Games Trocam Meninas Indefesas Em Jogos De Mulheres Fortes

Games trocam meninas indefesas em jogos de mulheres fortes – 30/06/2024 – Ilustrada

Celebridades Cultura

Representação clássica do estereótipo da donzela em apuros nos games, a princesa Zelda protagonizará pela primeira vez sua própria proeza no jogo “The Legend of Zelda: Echoes of Wisdom”, anunciado pela Nintendo na última terça-feira (18).

Além de marcar uma quebra de paradigma para a franquia, a transformação da personagem indefesa em heroína acompanha um movimento largo na indústria de games, que vem diminuindo a predominância de reproduções hiperssexualizadas de mulheres —símbolo desse meio nos anos 1990 e 2000— para colocá-las porquê protagonistas de suas próprias histórias.

No Summer Game Fest, evento realizado no início de junho em Los Angeles em que foram apresentados os próximos lançamentos da indústria de games, proliferaram títulos de grande orçamento protagonizados por heroínas de ação —um tanto que só era frequente entre desenvolvedores independentes, mais propensos a malparar em suas produções.

Os dois principais lançamentos da gigante francesa Ubisoft, por exemplo, tem protagonistas femininas.
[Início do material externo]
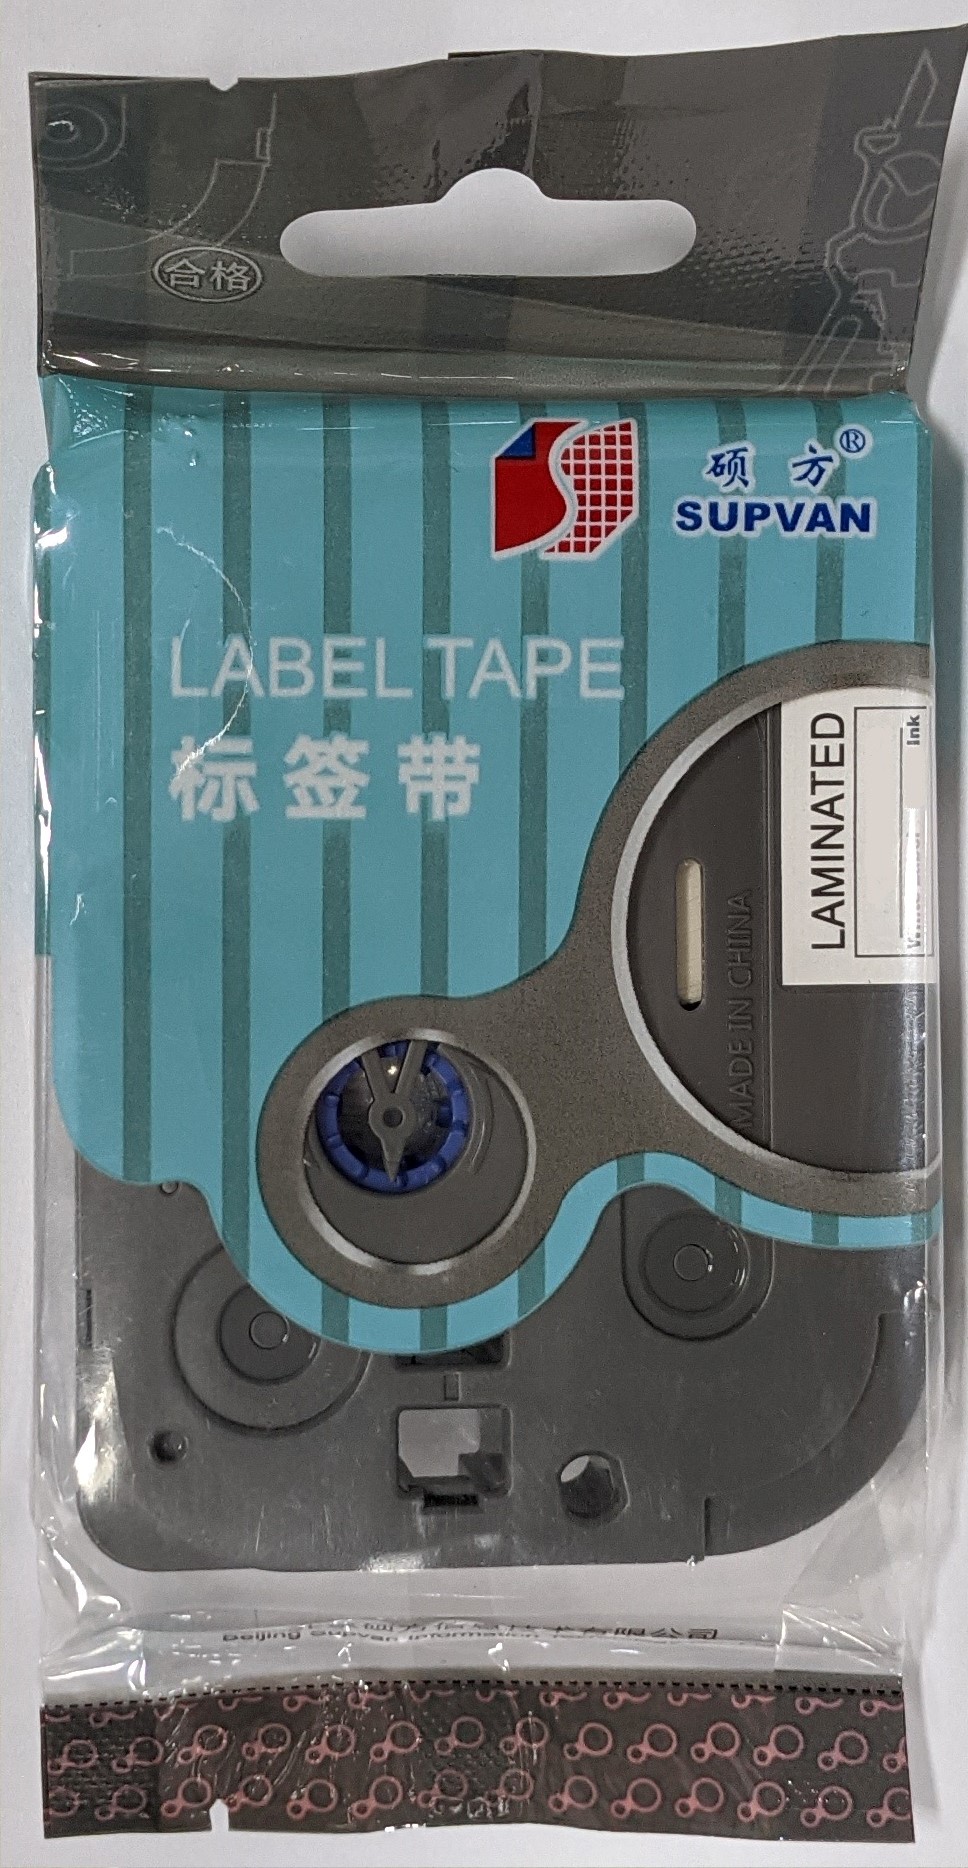 Samolepicí páska Supvan L-233E, 12mm x 8m, modrý tisk / bílý podklad, laminovaná
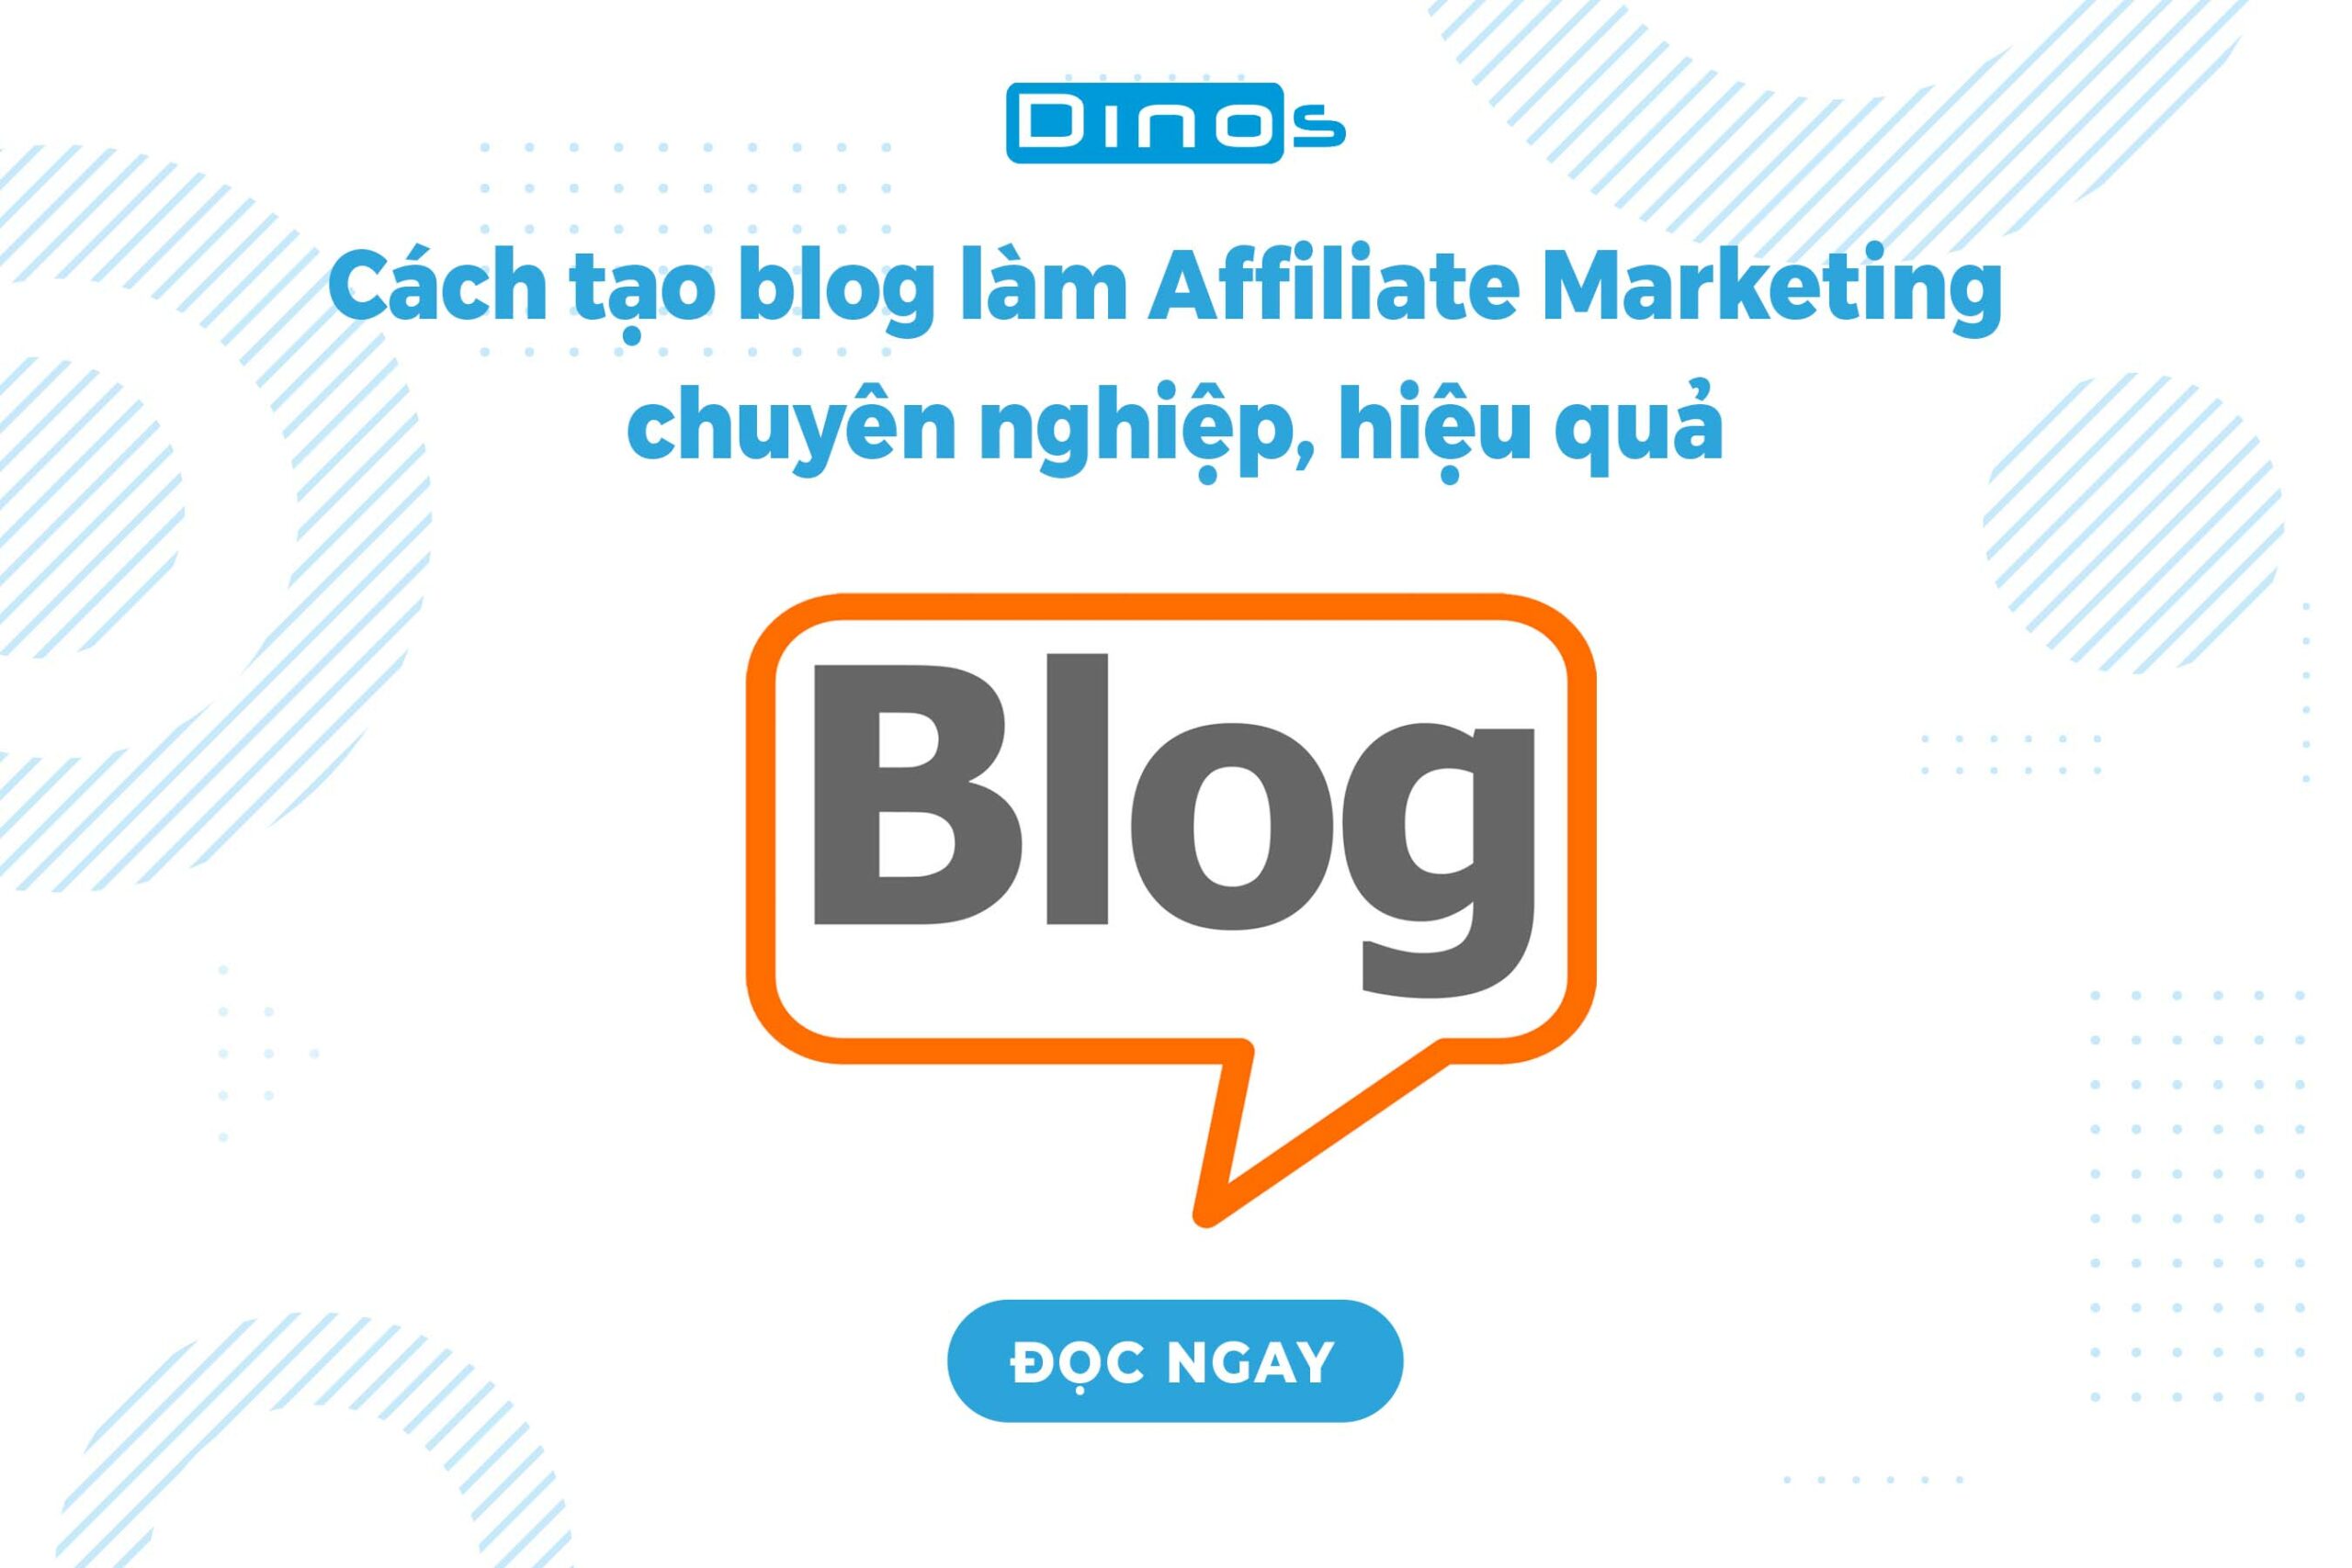 Blog Affiliate Marketing, Blog Tiếp Thị Nội Dung

Os jogadores de “Assassin’s Creed Shadows” controlarão a ninja Naoe no esperado capítulo inspirado no Japão feudal da série de jogos de RPG de ação.

Já “Star Wars Outlaws”, jogo de ação em mundo sincero que se passa entre os acontecimentos dos filmes “O Predomínio Contra-Ataca” e “O Retorno de Jedi”, é protagonizado por Kay Vess, uma contrabandista que procura crescer no submundo da Orla Exterior.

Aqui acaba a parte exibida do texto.